Mousetrap, Mice
6 January 2011
Warning: Spoilers
I'm a sucker for folded, reflexive and referential narrative, and especially so when built on Carroll or Shakespeare. So take this comment in that spirit. You will probably find this movie juvenile, but there are some clever things going on.

The overall shape is based on the play and not on people or romance. Each performance of Hamlet in this world is a reincarnation of a complex being at war with itself. Over thousands of performances, it tries to resolve its inner conflicts, sometimes going back. There is a complex secondary karma as these performances sweep up the actors and sometimes the audience, "infecting" them with energetic plasma.

To negotiate this story, we enter through the eyes of a potential savior, each intelligent director being the next fresh soul to attempt to bring order to the play. His life has its own dramas and the players and situations in his life fold into the play. Tensions involve sex, death, blood, being. It springs from Stoppard as much as from Shakespeare.

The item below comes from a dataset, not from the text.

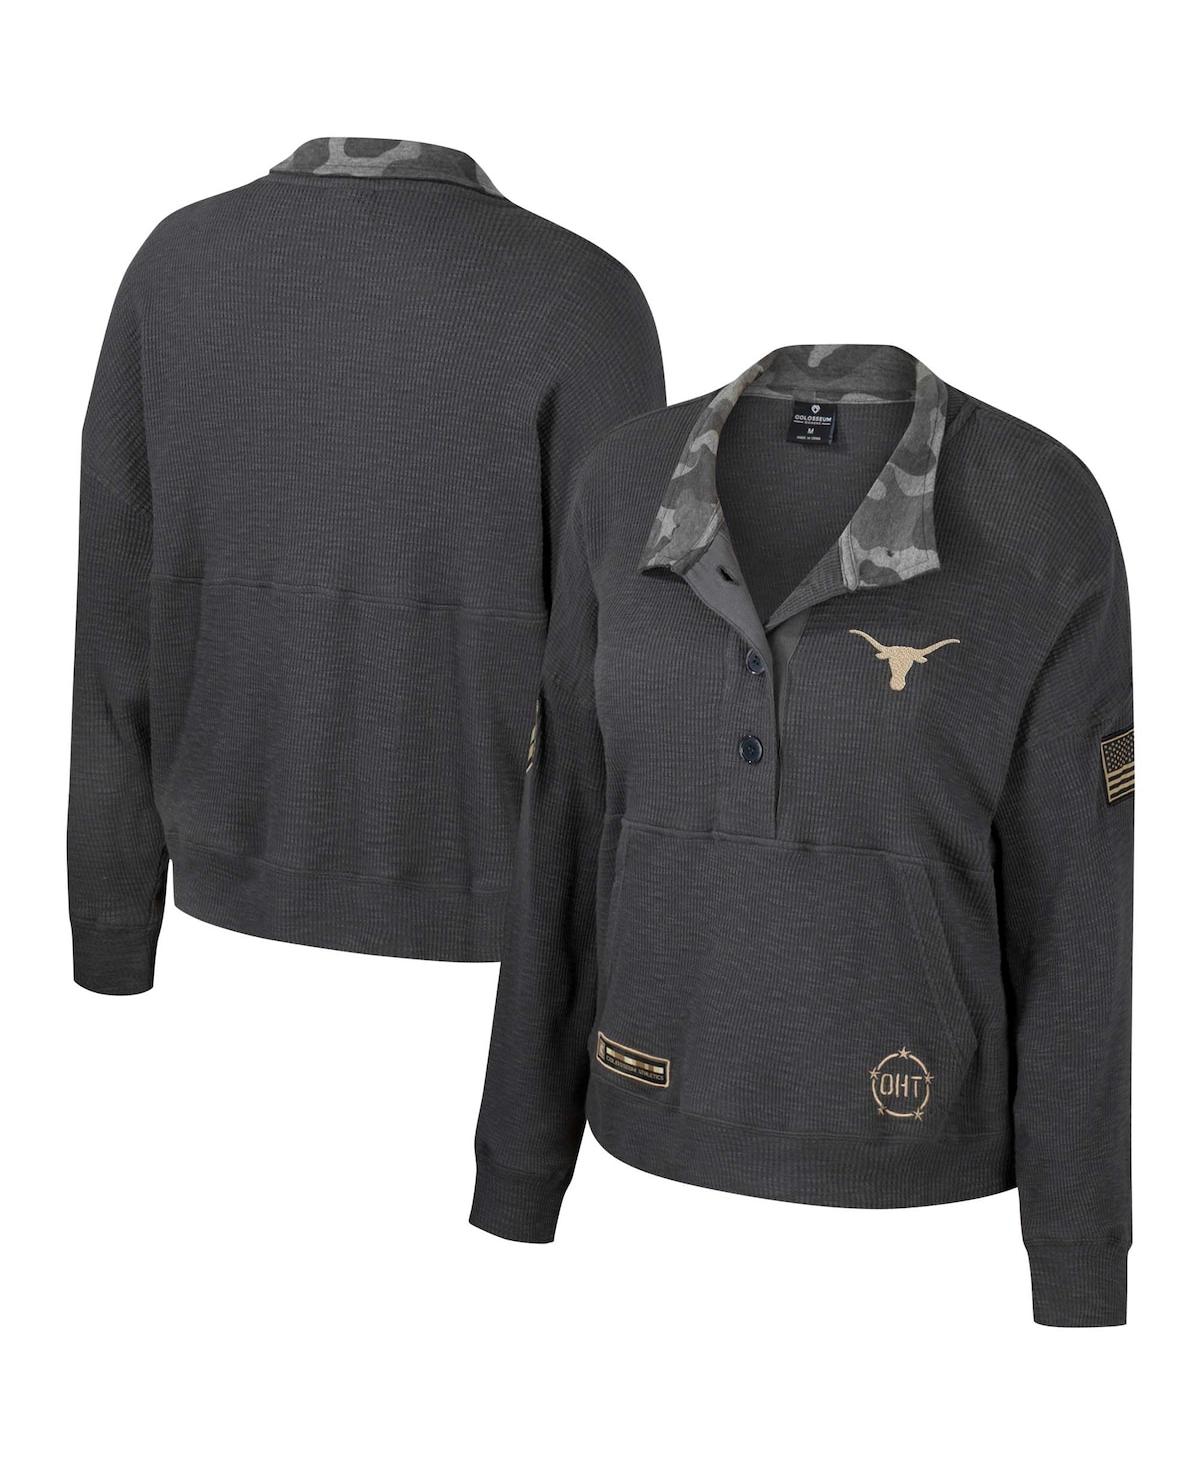 Women's Colosseum Heather Charcoal Texas Longhorns Oht Military-Inspired Appreciation Payback Henley Thermal Sweatshirt - Heather Charcoal

So far so good, a standard Hamlet.

The key participants are the sons of John Lennon and Dustin Hoffman. They have no idea what is going on, none. There are some women, and some attempt to weave a universal female around Ophelia, but she is played by a talentless model. Everyone involved in the actual staging of this play decided to pretend to be inept so as to hide their ineptness.

Good stuff spoiled. We could have had a "Shadow of the Vampire" crossed with "Tampopo." What we have instead is unwatchable, except for the first few moments with Bijou Philips in a fairy costume. The camera loves her.

Ted's Evaluation -- 1 of 3: You can find something better to do with this part of your life.